L’annonce de la participation de Jordan Bardella et Marine Le Pen à la manifestation contre l’antisémitisme attendue ce dimanche 12 novembre suscite une gêne considérable parmi plusieurs partis politiques et figures publiques. Le passé de leur formation politique continue d’influencer leur réputation, l’antisémitisme constituant une problématique essentielle.
Après que Marine Le Pen ait déclaré qu’elle assisterait à la marche contre l’antisémitisme du dimanche 12 novembre, le porte-parole du gouvernement, Olivier Véran, a estimé que le Rassemblement National n’avait pas lieu d’être présent. Son opinion repose sur les origines et le passé du Front National.
Fondé en 1972, ce parti politique doit son existence à des anciens collaborateurs antisémites, dont certains ont même porté l’uniforme de la Waffen SS pendant la Seconde Guerre mondiale. Des personnalités controversées comme Pierre Bousquet, Victor Barthélémy, André Dufraisse, entre autres, ont occupé des postes de direction importants au sein du parti. Parmi les figures antisémites notables du parti, on compte également François Duprat, historien négationniste, et Jean-Pierre Stirbois.

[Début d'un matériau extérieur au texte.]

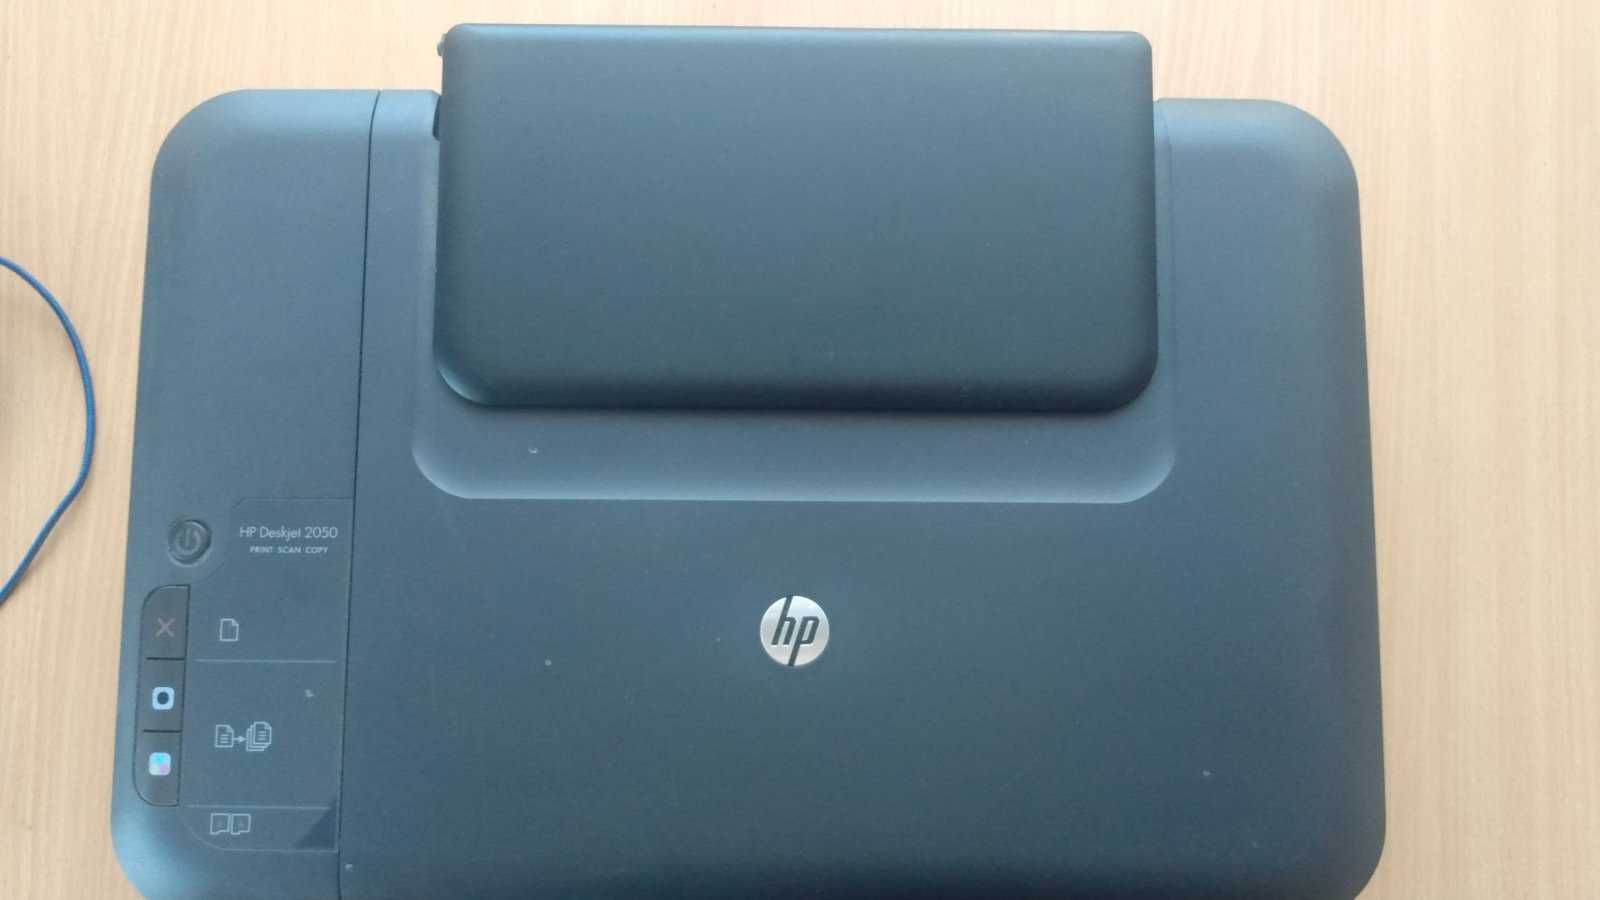 Принтер HP Deskjet 2050 aii- in-one J510 Series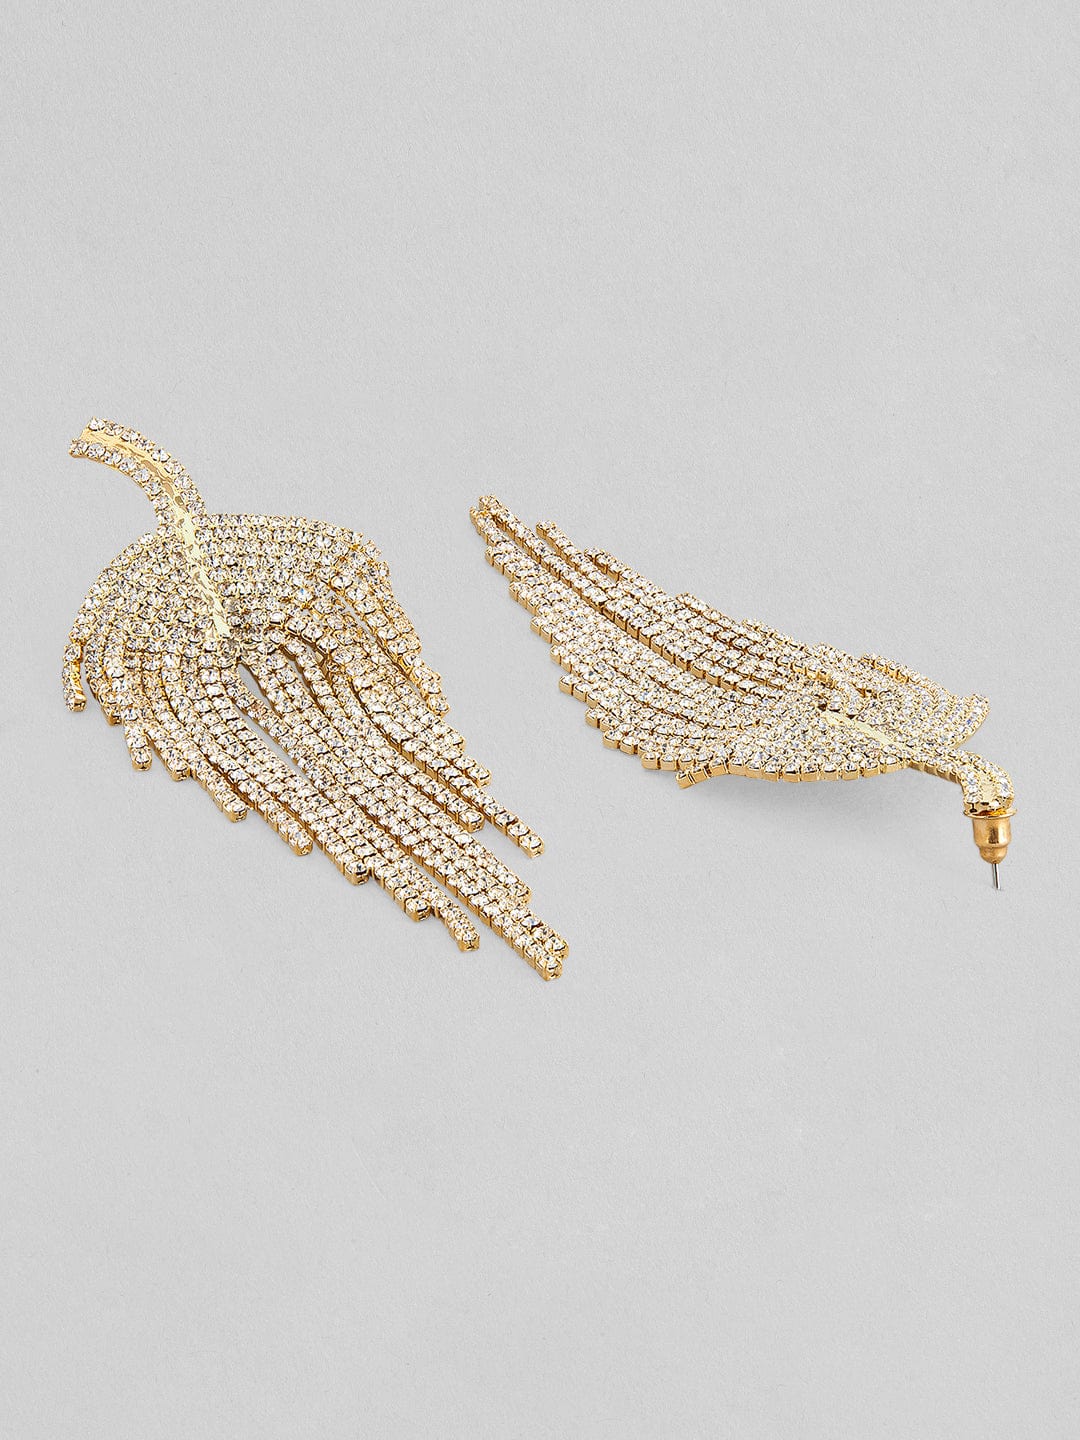 Tokyo Talkies X Rubans Fashion Accessories Gold-Toned Contemporary Drop Earrings Earrings

Et bien sûr, impossible d’omettre Jean-Marie Le Pen, qui a fait des propos antisémites sa spécialité, lui valant plusieurs condamnations légales.
Il est vrai que Marine Le Pen cherche à se distancer de ce passé troublé, affirmant que son parti a évolué. La leader de l’extrême droite proclame désormais que « la Shoah est l’horreur suprême ». Pourtant, les traces du passé sont encore visibles dans le présent. Par exemple, il y a quelques jours, Jordan Bardella, le président actuel du RN, a déclaré que Jean-Marie Le Pen ne peut pas être qualifié d' »antisémite », et il a même utilisé le passé pour en parler, comme s’il était décédé. Le RN serait sans doute soulagé de pouvoir effacer définitivement son passé encombrant.
« Le RN ne pourra jamais se dresser en défense contre l’antisémitisme »
Or, nonobstant ses 95 ans, Jean-Marie Le Pen est toujours vivant, tout comme son héritage malheureux que sa fille n’arrive pas à effacer. Lors du congrès du RN de 2022, elle a insisté sur le fait qu’elle « assume » l’histoire de son parti. Un exemple parmi beaucoup d’autres de cette duplicité. En 2015, en réponse à la position du chanteur Patrick Bruel contre lui, son père avait déclaré : « La prochaine fois, on fera une fournée ! » Sa fille avait regretté « une erreur politique » et critiqué « l’interprétation malveillante » des médias, sans pour autant condamner le fond de l’insulte.
La raison de cette double langue est la présence continue de personnalités antisémites au sein du parti et de son entourage, notamment parmi ses amis du GUD, le syndicat étudiant d’extrême droite. Plusieurs sondages d’opinion ont révélé que les électeurs du RN sont ceux qui adhèrent le plus aux préjugés antisémites, comme l’idée que les juifs seraient riches ou auraient trop de pouvoir, par exemple. Même si le RN n’a pas sa place comme organisation politique à la marche du dimanche, il est impossible d’empêcher ses dirigeants d’y participer en tant que citoyens. Le mieux serait probablement de rester à l’écart, comme le suggère le président du Crif, Yonathan Arfi, rappelant que « le RN ne pourra jamais se dresser en défense contre l’antisémitisme ».